Paulo Branco
Paulo Branco (n. Lisboa, 3 de Junho de 1950), é um produtor de cinema português.
Deixou os estudos de Engenharia Química, no Instituto Superior Técnico, partindo para Londres, em 1971, e para Paris, em 1973. Enveredou definitivamente pelo cinema em 1974, quando começou a trabalhar no cinema Olympic, com Frédéric Miterrand. Pouco depois ficou responsável pela gestão da sala parisiense Action-République.

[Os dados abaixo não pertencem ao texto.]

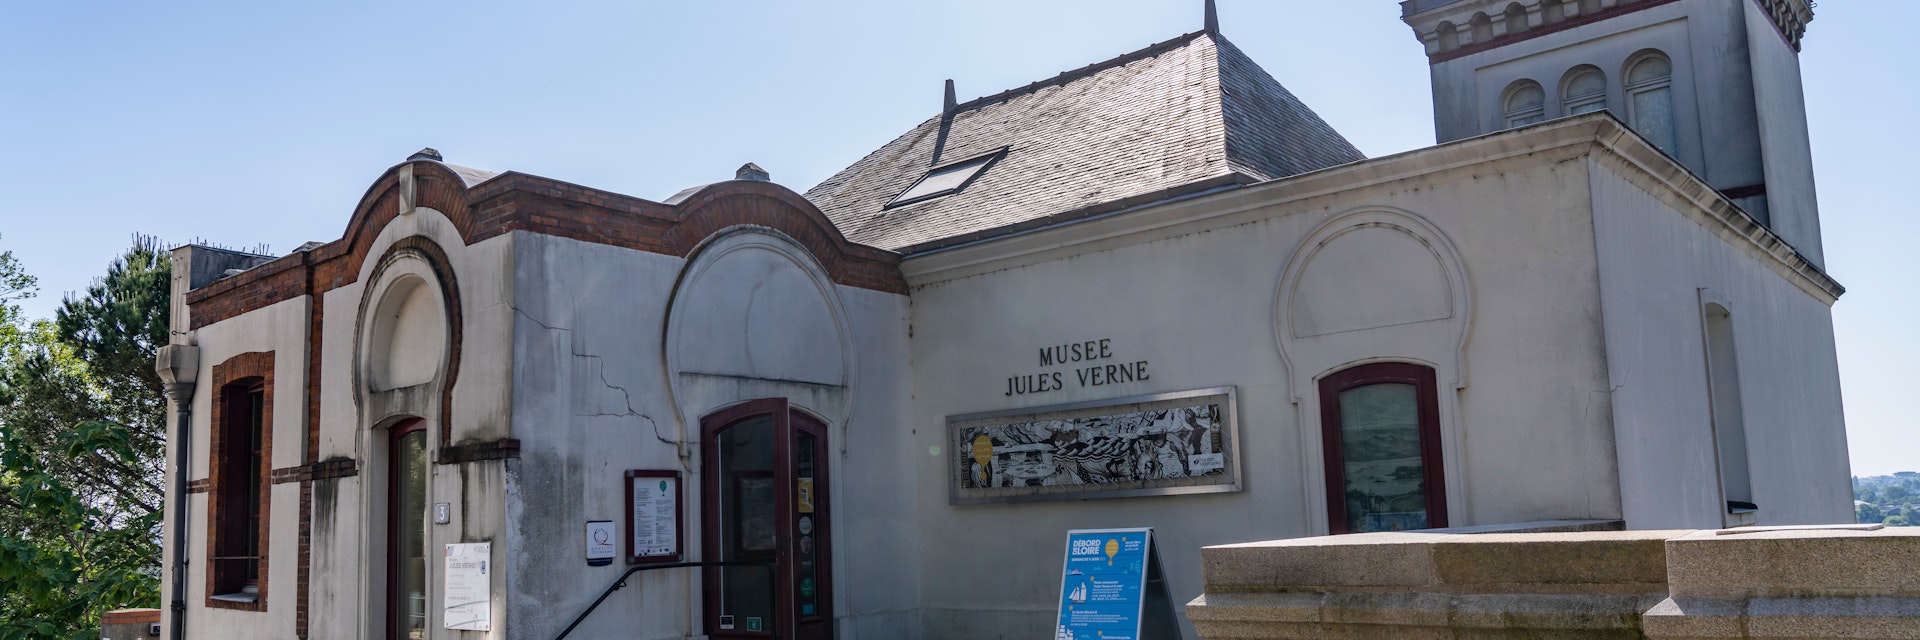 Jules Verne museum in Nantes.

Tornou-se produtor de cinema em 1979, trabalhando entre Paris e Lisboa. Até hoje produziu mais de duzentos filmes, entre os quais figuram realizadores portugueses, como Manoel de Oliveira, João César Monteiro, João Canijo, João Botelho, Teresa Villaverde ou Pedro Costa, e estrangeiros, como Wim Wenders, Alain Tanner, Werner Schroeter, Raoul Ruiz, Danièle Dubroux, Christine Laurent, Jerzy Skolimowski, Sharunas Bartas, Paul Auster, entre outros. Produtor internacional, é responsável pelas firmas Clap Filmes e Alfama Films, depois de ter dirigido, por vários anos, a Madragoa Filmes, em Lisboa, e a Gemini Films, em Paris. Em Portugal tornou-se o segundo maior exibidor e distribuidor cinematográfico, dirigindo a Medeia Filmes e a Atalanta Filmes, tendo-se afirmado como defensor do cinema europeu, além de ter estreado mais de cinquenta filmes portugueses, nas última década.
Integrou também o júri de diversos festivais internacionais de cinema, salientando o Festival de Berlim (1999) e o Festival de Veneza (2005). É também reconhecido como o produtor que maior número de filmes apresenta em quatro desses festivais, incluindo o Festival de Locarno e o Festival de Cannes.
Foi distinguido com o prémio de Melhor Produtor da Europa, pelo Parlamento Europeu (1999), recebeu o Prémio Especial Raimondo Rezzonico, atribuído ao Melhor Produtor Independente, no Festival de Locarno (2002), recebeu o Golden Horse do Festival de Cinema de Taipé (2005). Jacques Chirac entregou-lhe a medalha de Officier de L’Ordre des Arts et Des Lettres da República Francesa.